Robert Vesoul est codirecteur de la chaire d'innovation numérique de l'école CentraleSupélec, et PDG d'Illuin Technology, une société spécialisée dans les applications d'intelligence artificielle pour entreprises.

Publié le 17 févr. 2020 à 07:03

Comment utilise-t-on l'intelligence artificielle dans le cadre de recrutements ?

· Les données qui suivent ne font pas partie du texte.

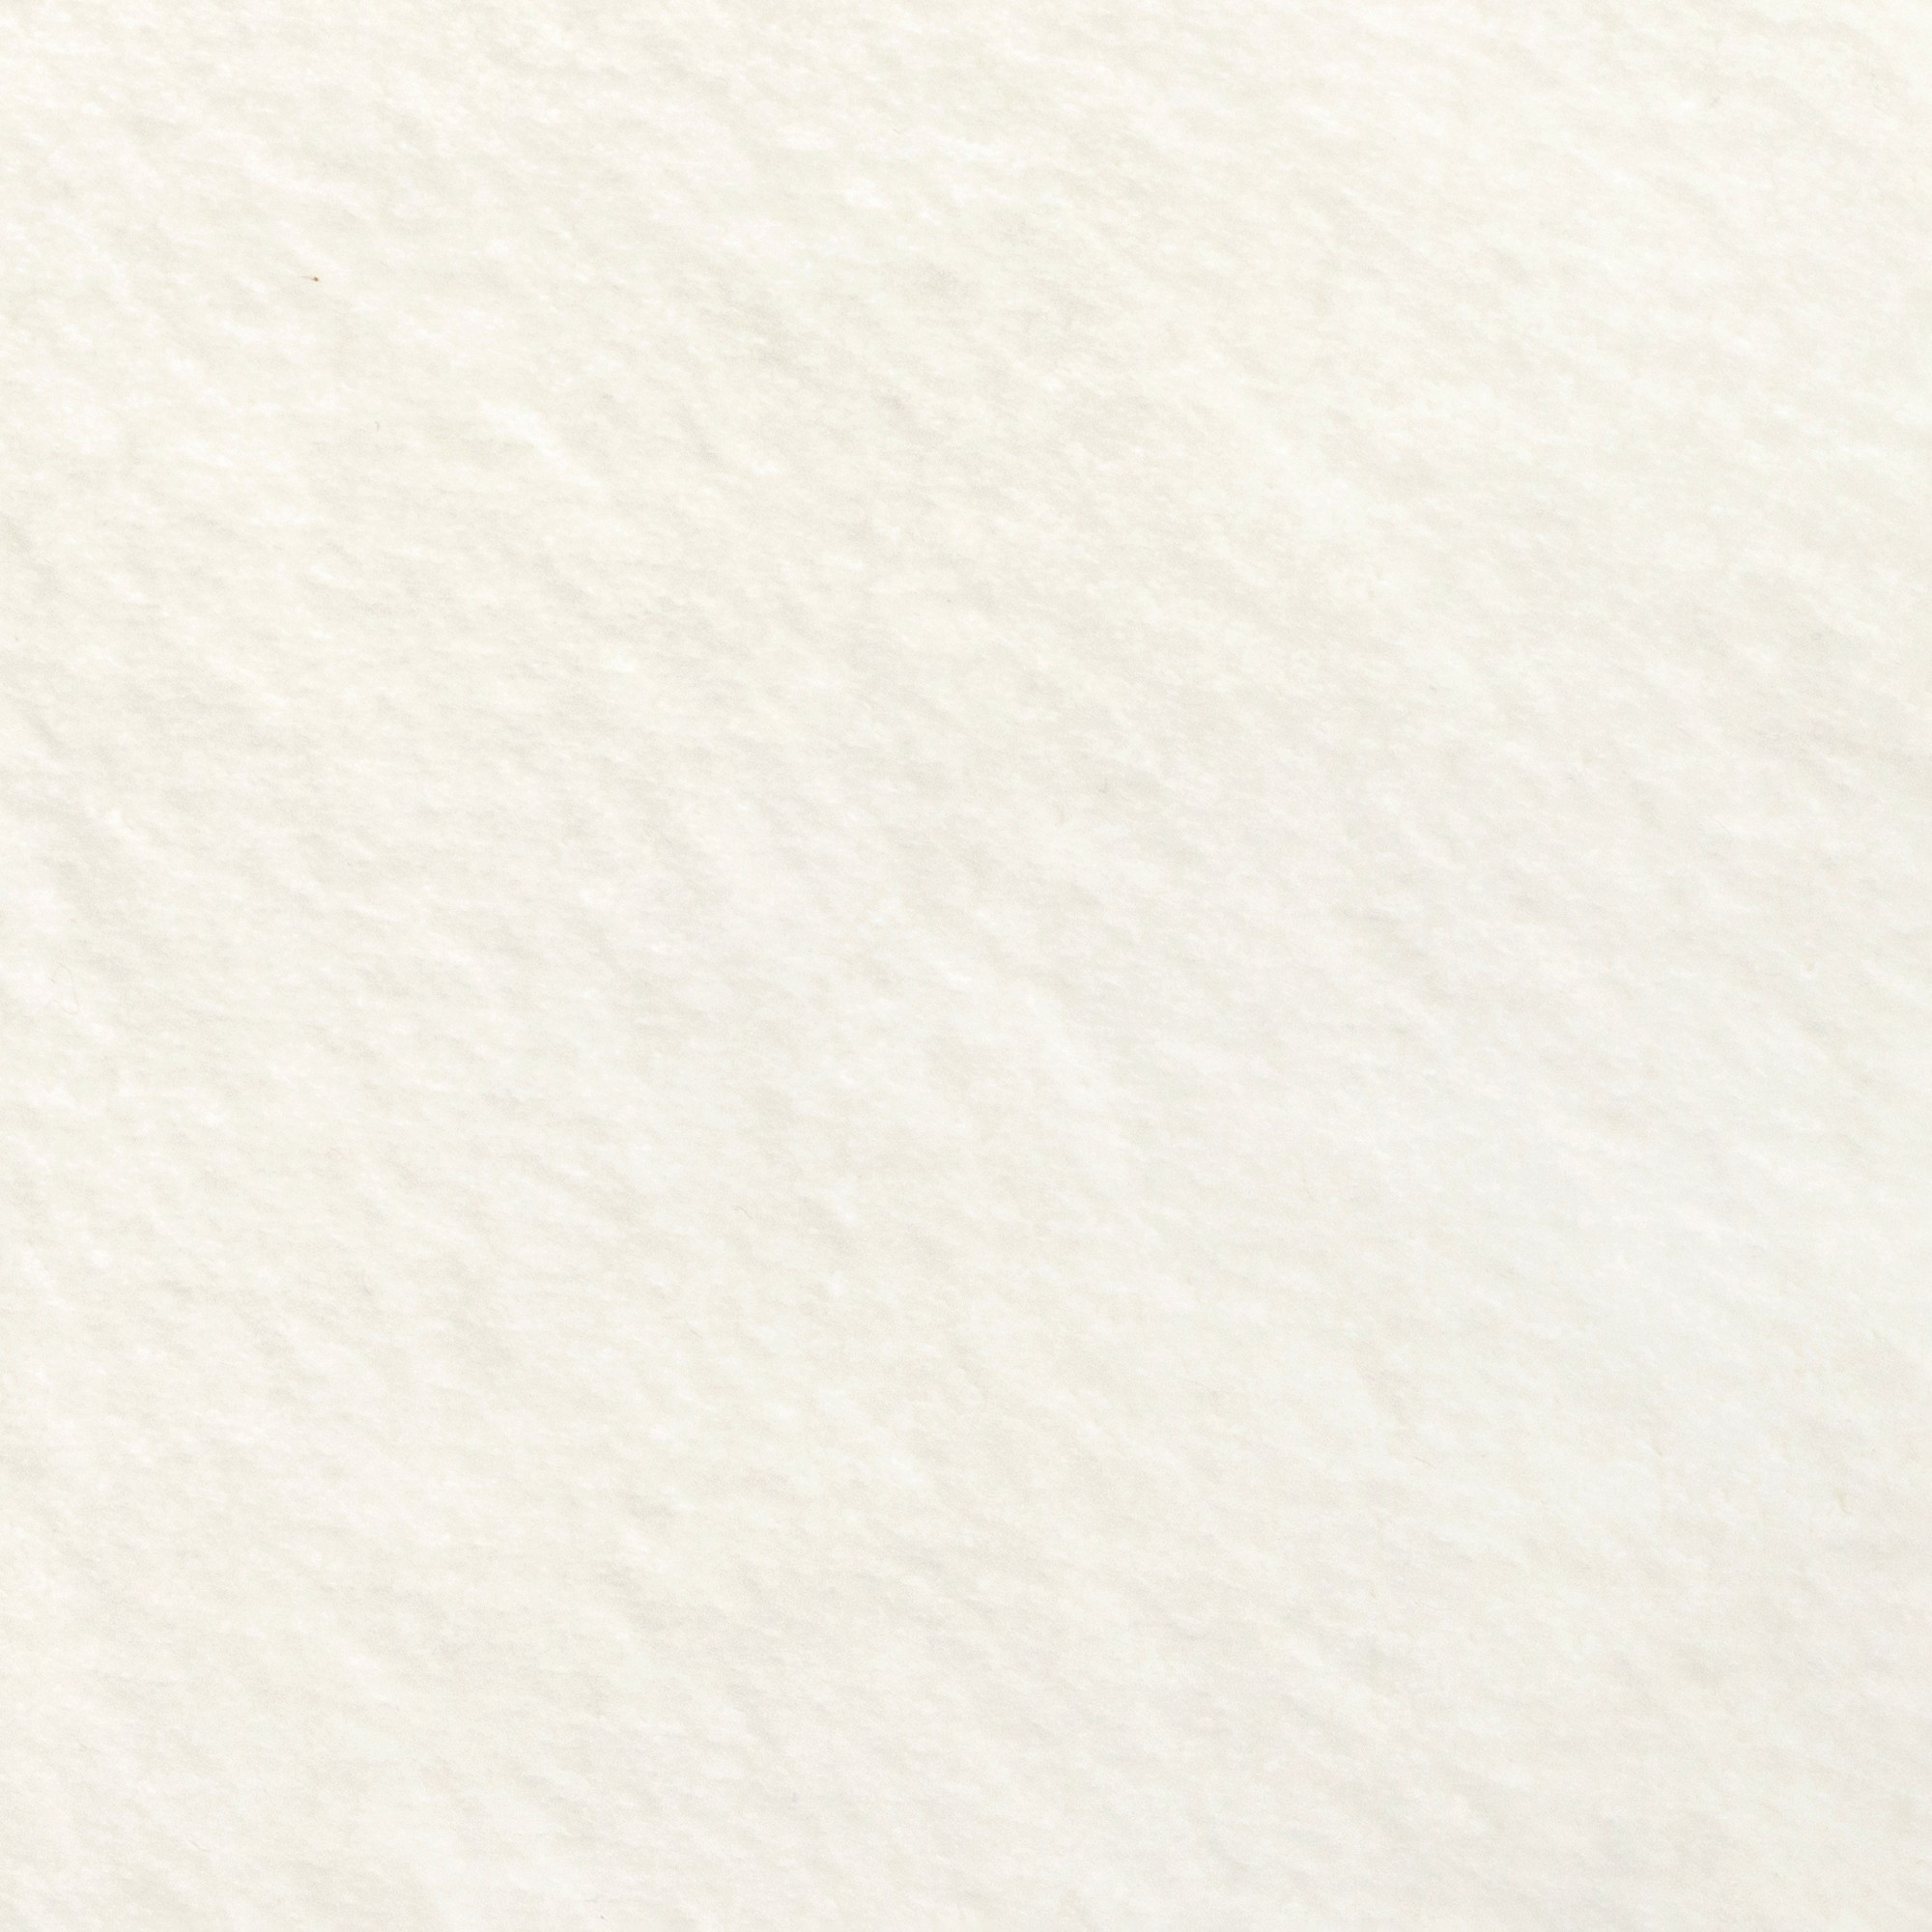 a white sheet of paper with a white border

De nombreuses utilisations épousent le parcours du candidat, depuis sa recherche d'emploi jusqu'à l'entretien. Par exemple une potentielle recrue peut échanger avec un chatbot [un robot qui simule une discussion textuelle, NDLR] sur ses compétences et envies, afin d'obtenir ensuite un débriefing et mieux cerner ses compétences « dures » et ses « soft skills ». L'intelligence artificielle (IA) peut aussi être utilisée pour traiter une grosse quantité de CV lors du « matching » entre candidats et recruteurs. Cela permet de lire les informations et de les rapprocher des exigences du poste. L'IA doit servir à sécuriser la relation, à assurer que la rencontre physique entre le candidat et le recruteur - qui partagent déjà beaucoup de choses - se fera. Enfin, mais cela demeure pour l'instant davantage du champ de la prospection, nous développons chez Illuin Technology une sorte d'escape game [un jeu où les candidats doivent trouver des indices pour sortir d'une « prison », NDLR] assisté par l'IA, qui permet une nouvelle expérience d'entretien d'embauche. L'IA regarde comment réagit le candidat, analyse un grand nombre de paramètres pour ensuite lui fournir un feed-back détaillé.

Problème : nombre d'algorithmes, derrière un « matching », reproduisent les biais de ceux qui les ont créés… Comment empêcher cela ?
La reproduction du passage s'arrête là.